*** Given information ***

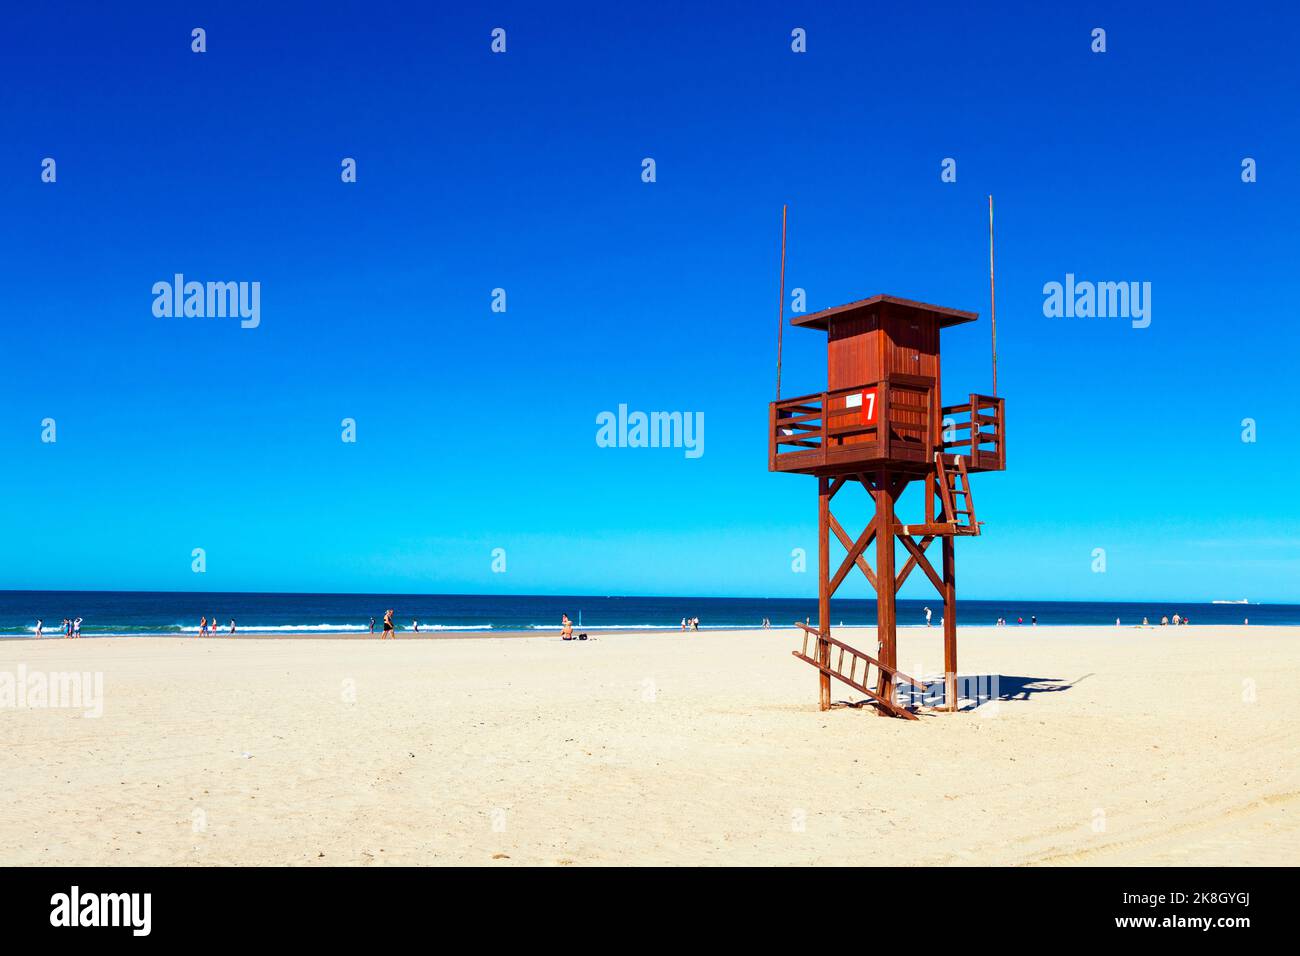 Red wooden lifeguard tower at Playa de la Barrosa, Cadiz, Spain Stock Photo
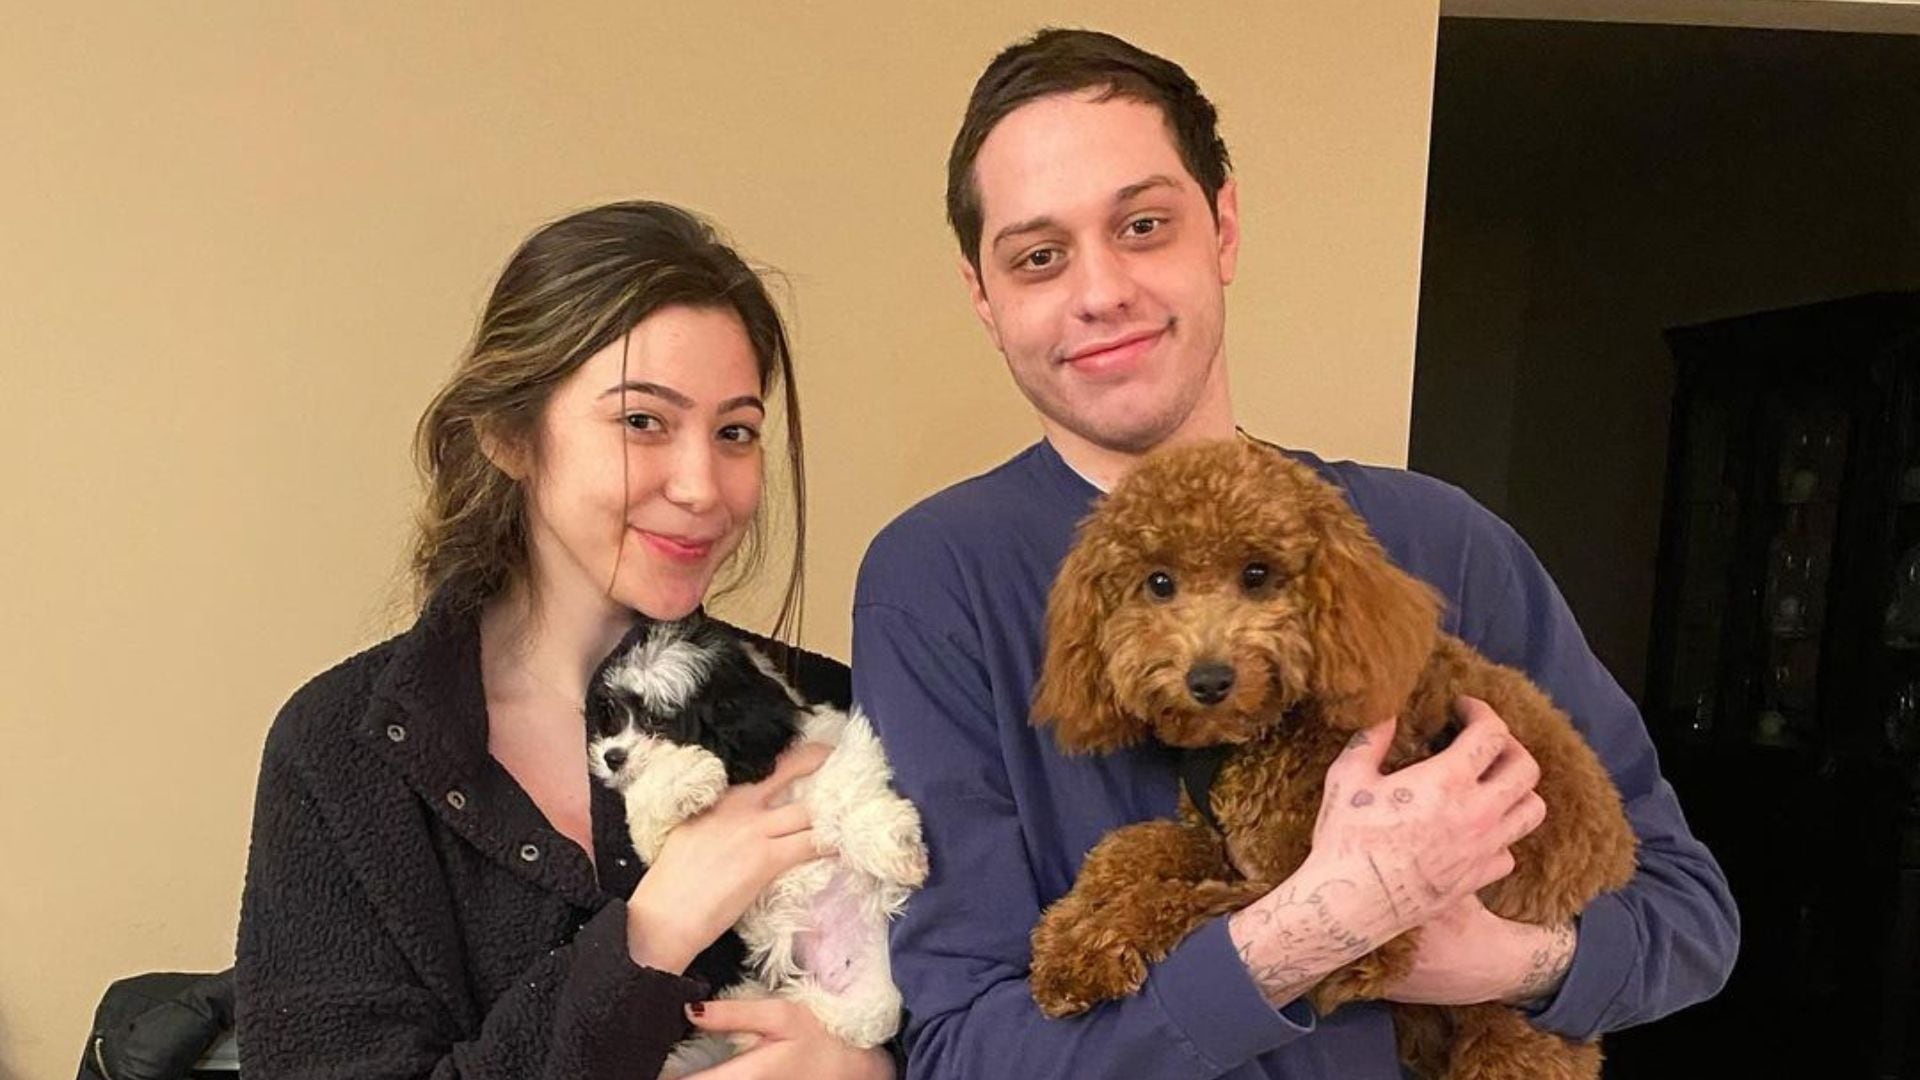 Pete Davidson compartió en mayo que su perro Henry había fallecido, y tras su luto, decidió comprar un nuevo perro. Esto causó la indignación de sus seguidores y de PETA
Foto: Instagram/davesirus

*** End of Given information ***

### Task prompt
Copy the whole of the material above exactly, but not its images.

### Written response
 Red wooden lifeguard tower at Playa de la Barrosa, Cadiz, Spain Stock Photo
 Pete Davidson compartió en mayo que su perro Henry había fallecido, y tras su luto, decidió comprar un nuevo perro. Esto causó la indignación de sus seguidores y de PETA
Foto: Instagram/davesirus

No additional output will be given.